From the graph of power however, we could not determine the maximum point of power because of the noise due to the current.

Conclusion:
Part 1 was a success for the most part verifying that the Maximum Power Transfer Theorem; however, we could not confirm it for Part 2 since it was a failure because we were unable to locate the point where max power occured. The problem was because of the fact that the recording device for logger pro was too accurate when measuring small currents, and it recorded unwanted data/noise where as the DMM was much better at recording data. 

Thevenin Equivalents

For this experiment, the objective is to reduce this network of resistors and power supplies below to its Thevenin equivalent, so we can find the smallest resistance of Load #2 that can be connected to the system.

Prelab:

R_C1	R_C2	R_C3	R_L1	V_S1	V_S2	V_L2,Min
100 Ω	39 Ω	39 Ω	680 Ω	9 V	9 V	8 V

To find V_Th, we remove R_L2 and solve for the V_oc.

Since Voc = V_x, we used nodal analysis which gives us the equation:
(V_x-V_S2)/R_C2 + (V_x - V_S1)/R_C1 + V_x/R_L1 = 0
V_x = 8.6 V

As finding R_Th from reducing resistors is harder than it seems, we rely on the formula R_Th = V_oc/I_sc.

After we create a short circuit from R_L2, we can find I_sc.
Using nodal analysis we get the equation:
(V_y-V_S2)/R_C2 + (V_y - V_S1)/R_C1 + V_y/R_L1 + V_y/R_C3= 0
V_y = 5.1 VI_sc = V_y/R_C3 = 0.1307 mA
R_Th = 65.7 Ω

Given that R_L2,Min = 8V, we use the voltage divider to find R_L2
R_L2 = V_L2*R_Th/(V_Th - V_L2) = 876 Ω 
Short Circuit R_L2 current I_sc = 0.1307 mA
Open Circuit R_L2 voltage V_oc = V_Th = 8.6 V

Procedure:

Build circuit with these components

Component	Nominal Value	Measured Value	Power or Current Rating
R_Th	66 Ω	65.8 Ω	1 W
R_L2,min	876 Ω	873 Ω	1 W
V_Th	9 V	9.21 V	2 A

To perform the experiment, we measure the voltage across Load 2.

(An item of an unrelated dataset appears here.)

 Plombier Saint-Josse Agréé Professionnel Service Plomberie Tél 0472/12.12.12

Config	Theoretical Value	Measured Value	Percent Error
R_L2 = R_L2,min	V_Load2 = 8 V	8.5V	6.25 %
R_L2 = ∞ Ω	V_Load2 = 8.6 V	9.17 V	6.63 %

Next we disassemble and build the second circuit by replacing the Thevenin Equivalents with the original circuit.

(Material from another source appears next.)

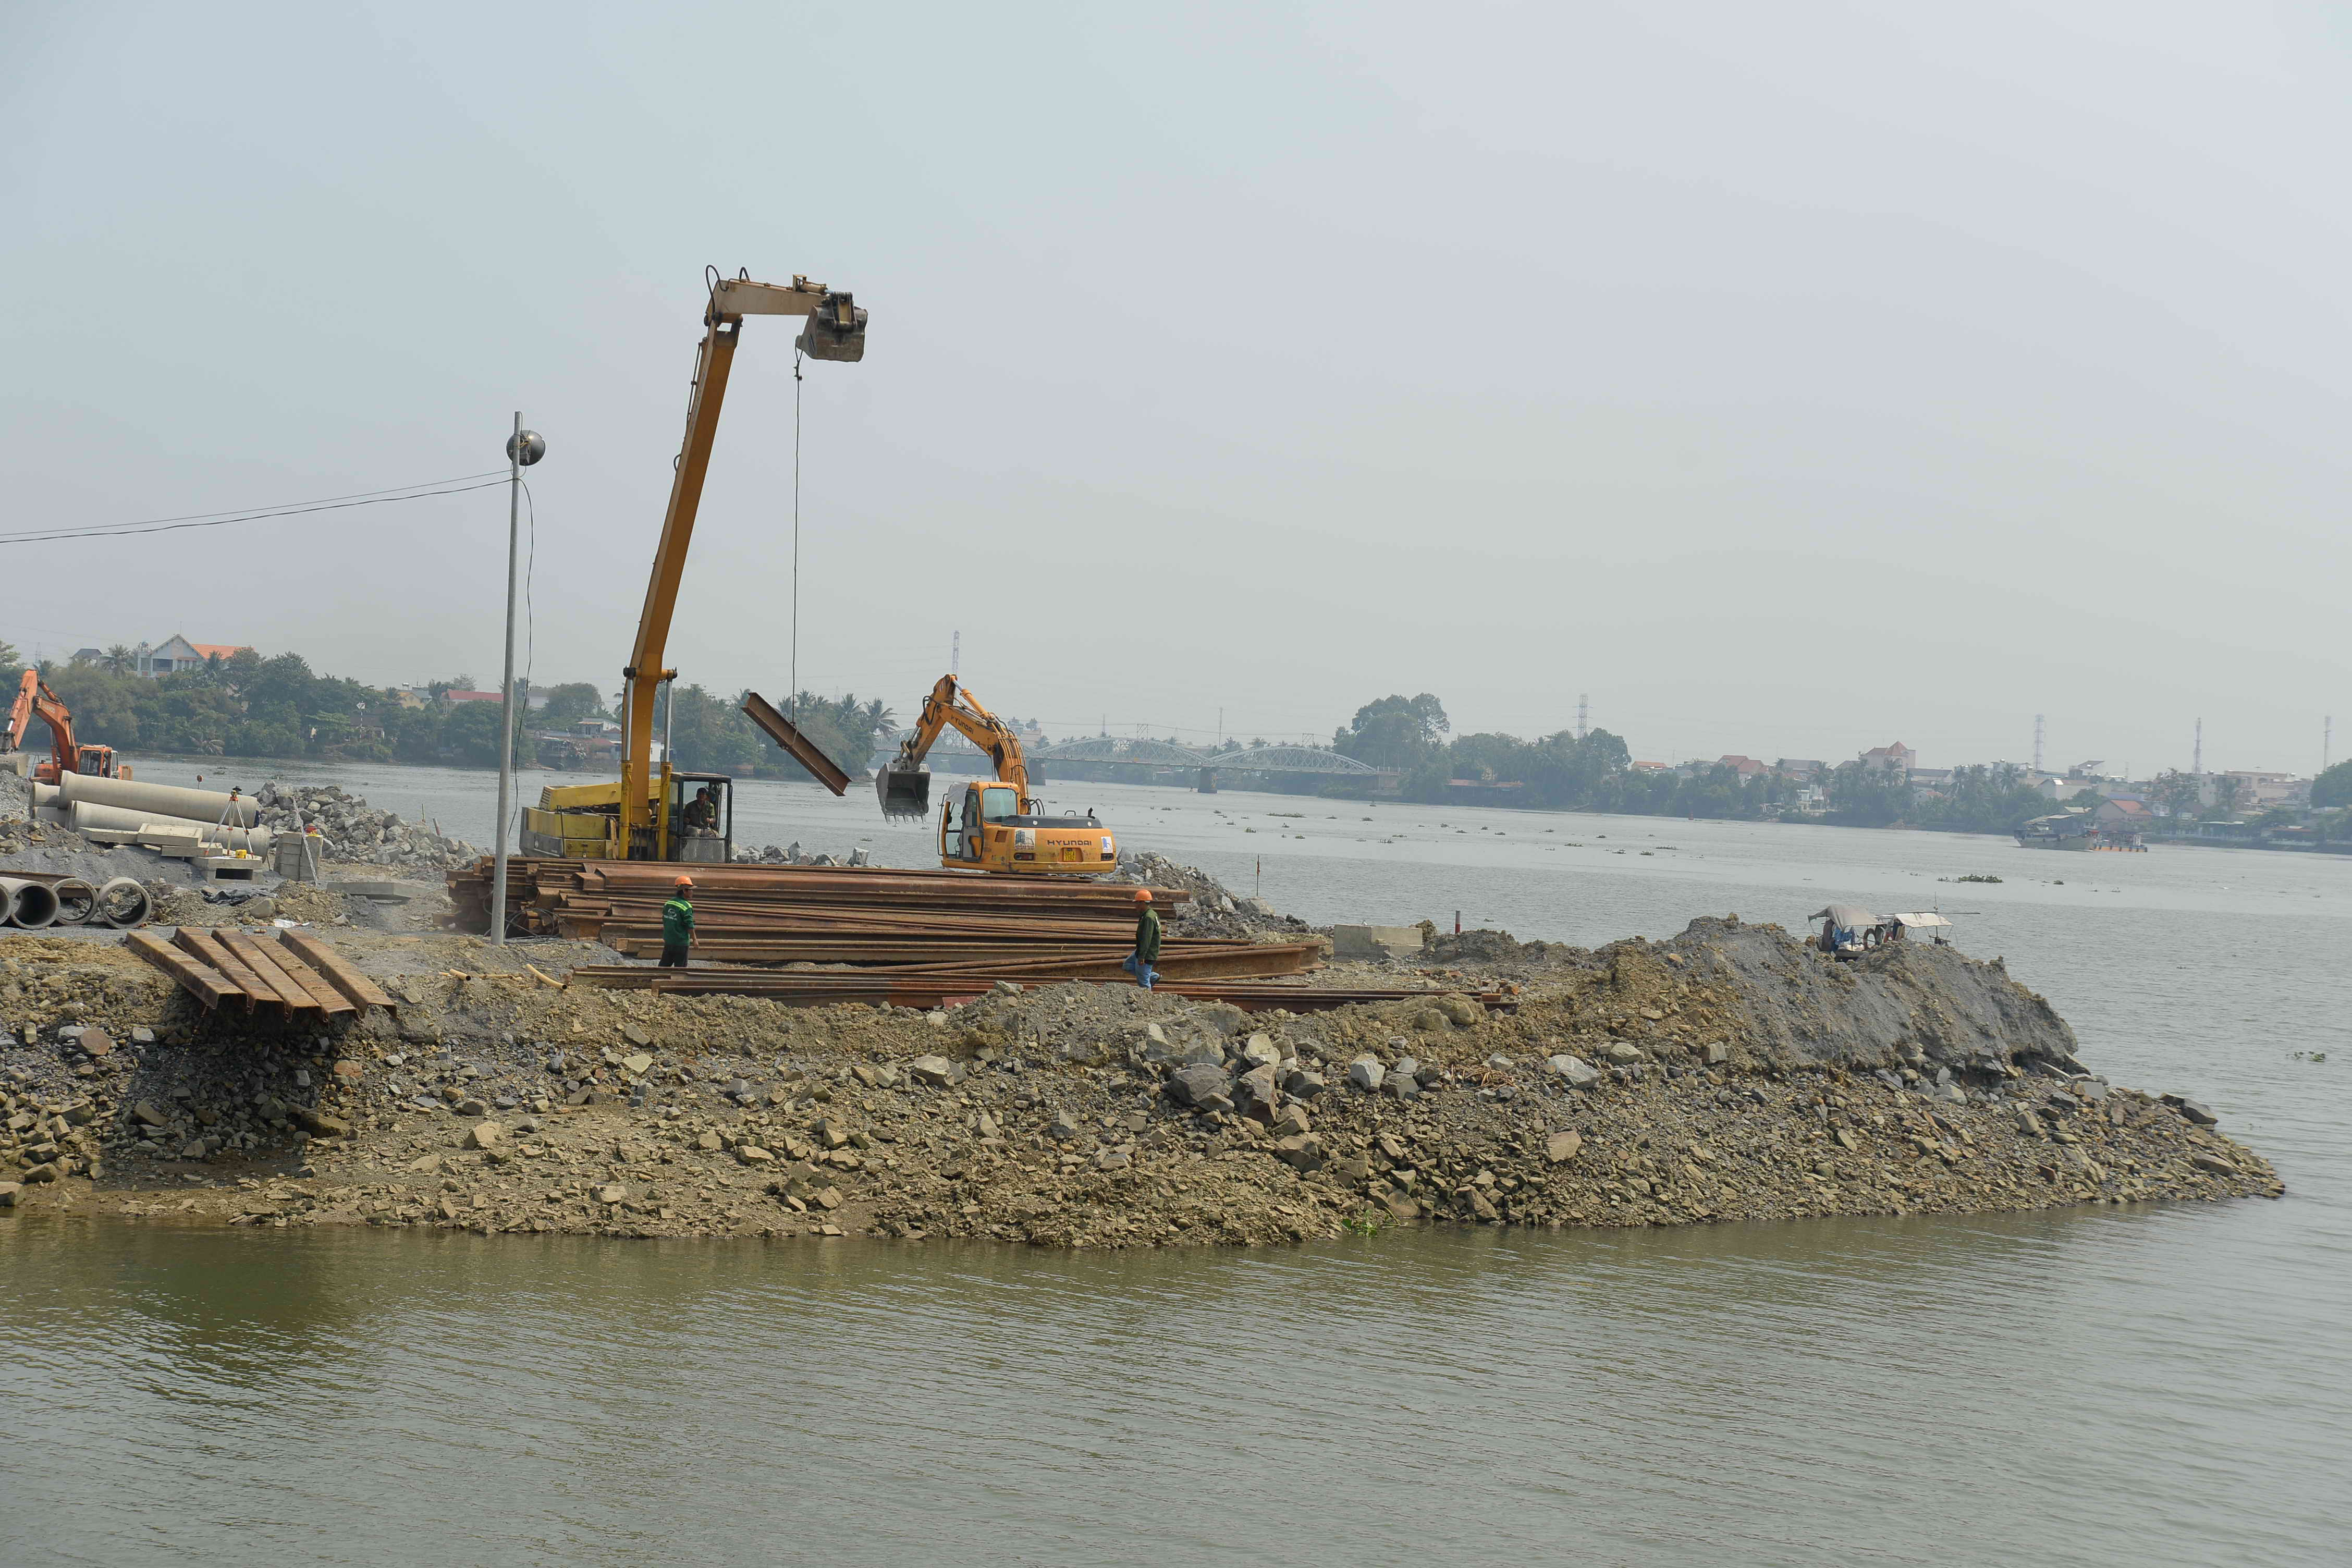 Tiếp tục yêu cầu hủy dự án lấp sông Đồng Nai

Component	Nominal Value	Measured Value	Power or Current Rating
R_C1	100 Ω	99.1 Ω	1/8 W
R_C2	39 Ω	38.1 Ω	1/8 W
R_C3	39 Ω	38.6 V	1/8 W
R_L1	680 Ω	667 Ω	1/8 W
V_S1	9 V	9.26 V	2 A
V_S2	9 V	9.21 V	2 A

Now remove R_L2 so it becomes infinite resistance.

We perform the experiment again by measuring V_Load2.

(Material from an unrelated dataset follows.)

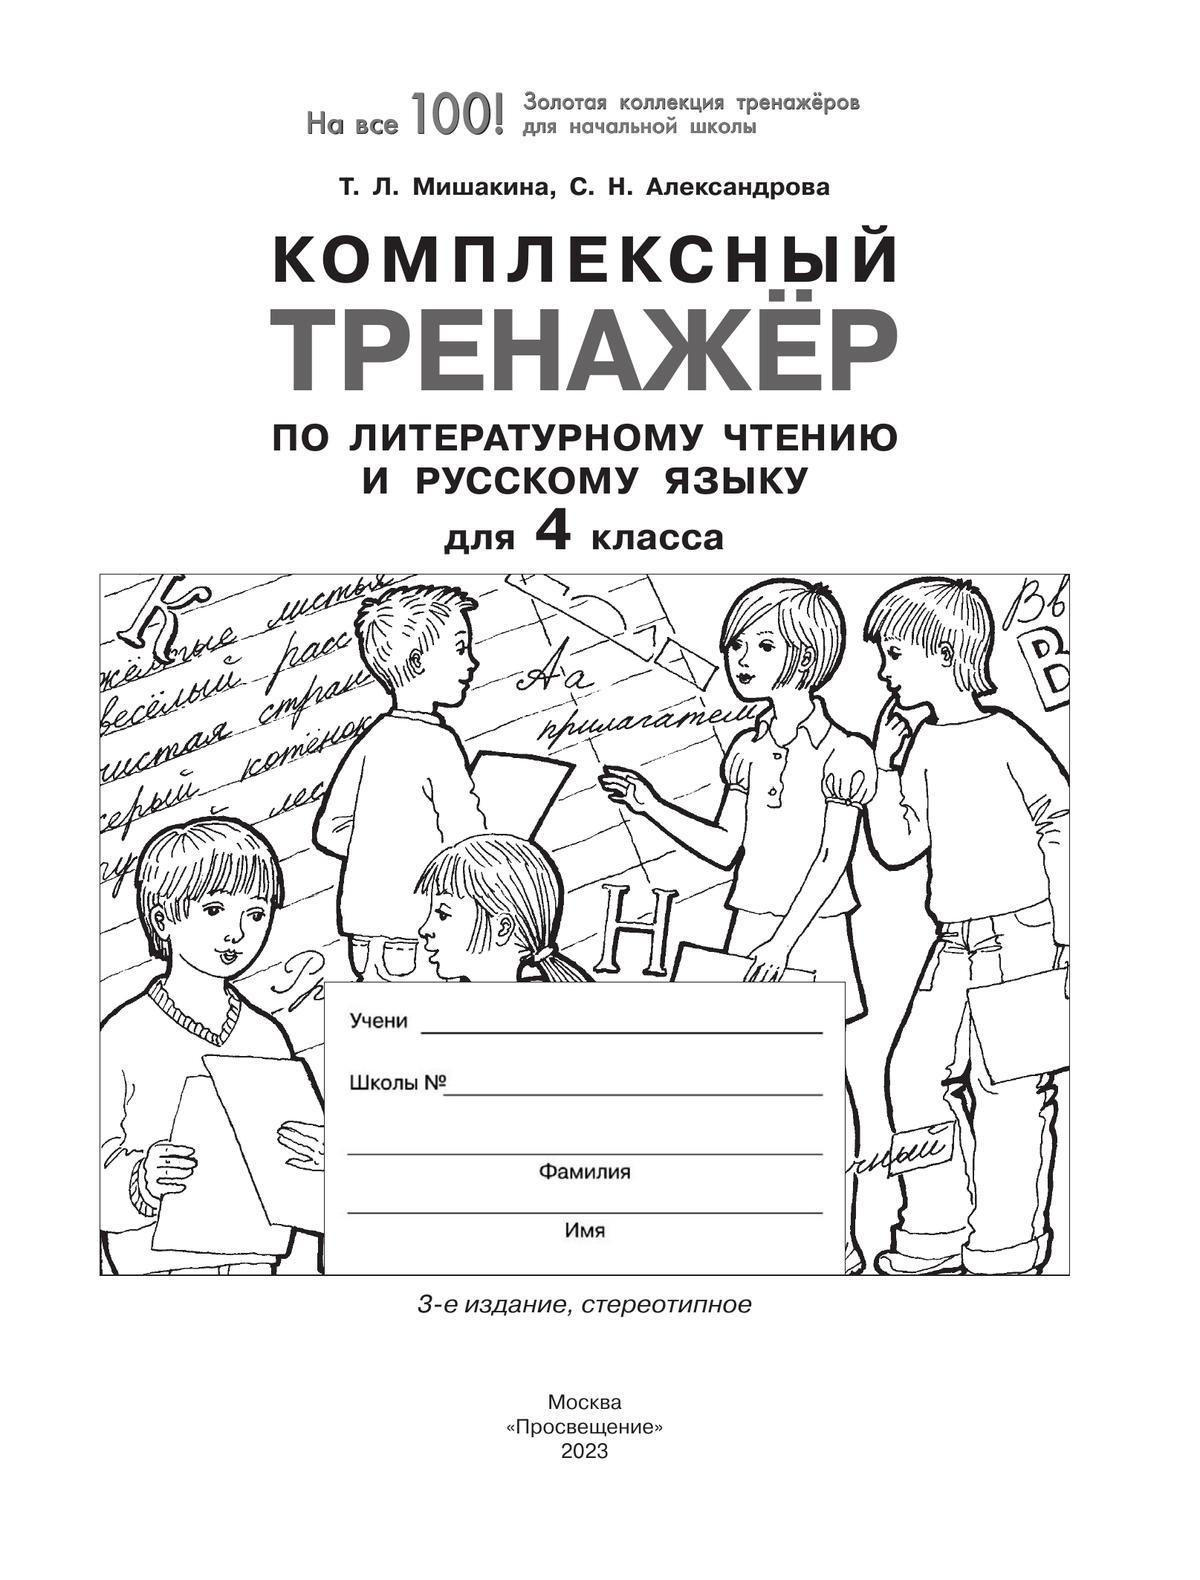 Комплексный тренажер по литературному чтению и русскому языку для 4 класса 3

Config	Theoretical Value	Measured Value	Percent Error
R_L2 = R_L2,min	V_Load2 = 8 V	8.20 V	2.5 %
R_L2 = ∞ Ω	V_Load2 = 8.6 V	8.84 V	2.79 %

Next put R_L2 back, but change configuration to find power for a set of resistances

Analysis:
The power going into R_L2 = R_Th is V^2/R = 0.280 W
Calculating the first row is 2.97^2/(0.5*R_Th) = 0.267 W

Config	V_Load 2	P_Load 2
R_L2 = 0.5R_Th	2.97 V	0.267 W
R_L2 = R_Th	8.21 V	1.021 W
R_L2 = 2R_Th	5.89 V	0.264 W

Conclusion:
Seeing how we can vary different resistors, we can easily find the voltage in connection with a Thevenin Equivalent. It becomes very useful when just adding a new element to an existing large circuit.